Patients and CT Image Data
Diagnostic thoracic CT scans from 10 consecutive patients with pulmonary nodules (seven men and three women; age range, 53–89 years; mean age, 68.8 years) were reviewed retrospectively, and CT projection data were collected. These patients were different from those studied in the evaluation of a CAD program we developed (9). The patients were referred to undergo thin-section CT for the evaluation of documented (on previous CT or chest radiography studies) or clinically suspected pulmonary nodules. In selecting the study patients, we did not target any specific diagnosis or pathologic condition that was manifested by pulmonary nodules. The nodules could be associated with metastasis, primary lung cancer, or granulomas. CT studies with substantial parenchymal or pleural diseases, such as consolidation, fibrosis, and pleural effusion, were excluded from our study population.

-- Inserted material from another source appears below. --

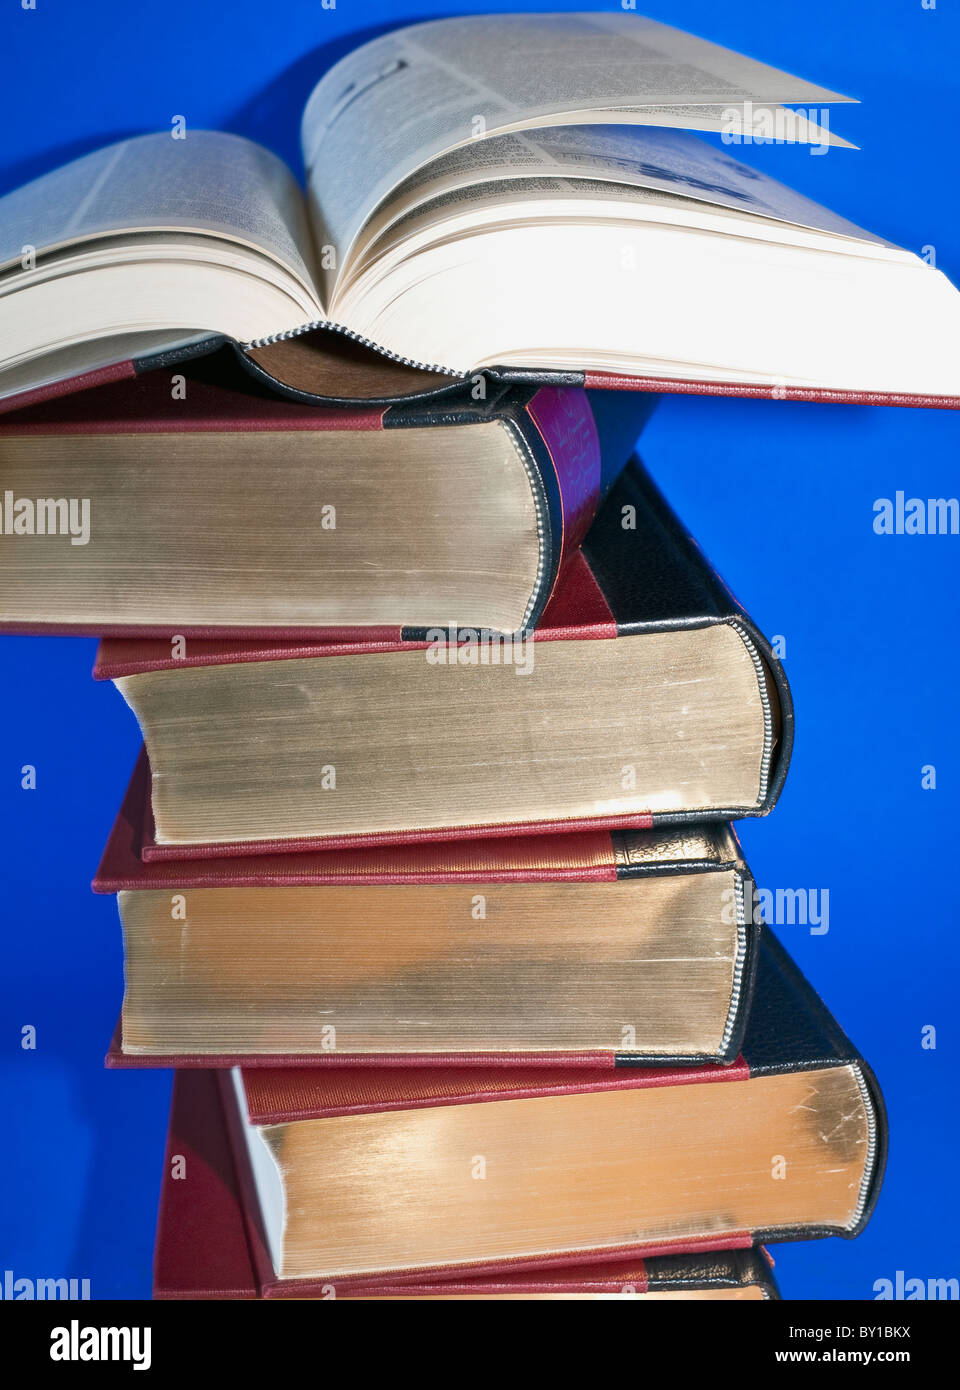 Books piled on top of each other Stock Photo

The CT images were acquired with a multi–detector row CT scanner (Plus 4 Volume Zoom; Siemens Medical Systems, Erlangen, Germany) by using scanning parameters of 120 kVp, 120 effective mAs, 0.5-second scanning, 4 x 1-mm collimation, and a standard thin-section lung image-reconstruction kernel. From the collected CT projection data, three sets of CT images were retrospectively reconstructed separately in each of 10 patients by selecting three combinations of different section thicknesses and reconstruction intervals: (a) For the thin group, CT data sets were generated with 1-mm section thickness and 1-mm reconstruction interval; (b) for the overlap group, CT data sets were generated with 5-mm section thickness and 1-mm reconstruction interval; and (c) for the thick group, CT data sets were generated with 5-mm section thickness and 5-mm reconstruction interval. The mean number of CT images generated per patient was 274.4, with a range of 191–363 images for the thin and overlap groups and a mean of 53.8 and a range of 41–56 images for the thick group.

CAD Program
Our 3D morphologic matching CAD program that is described in detail elsewhere (9) can process CT images with different section thicknesses and/or reconstruction intervals. In brief, the section thickness and reconstruction interval information of a CT scan was obtained from the Digital Imaging and Communications in Medicine image header. After the lung region was segmented on each section, the two-dimensional segmented lung regions were stacked to generate a 3D volumetric data set of the lung region. For the data sets in the thick group, finer-resolution intermediate sections were interpolated every 1 mm by using adjacent 5-mm sections above and below the interpolation level and were integrated into the expanded 3D volumetric data set.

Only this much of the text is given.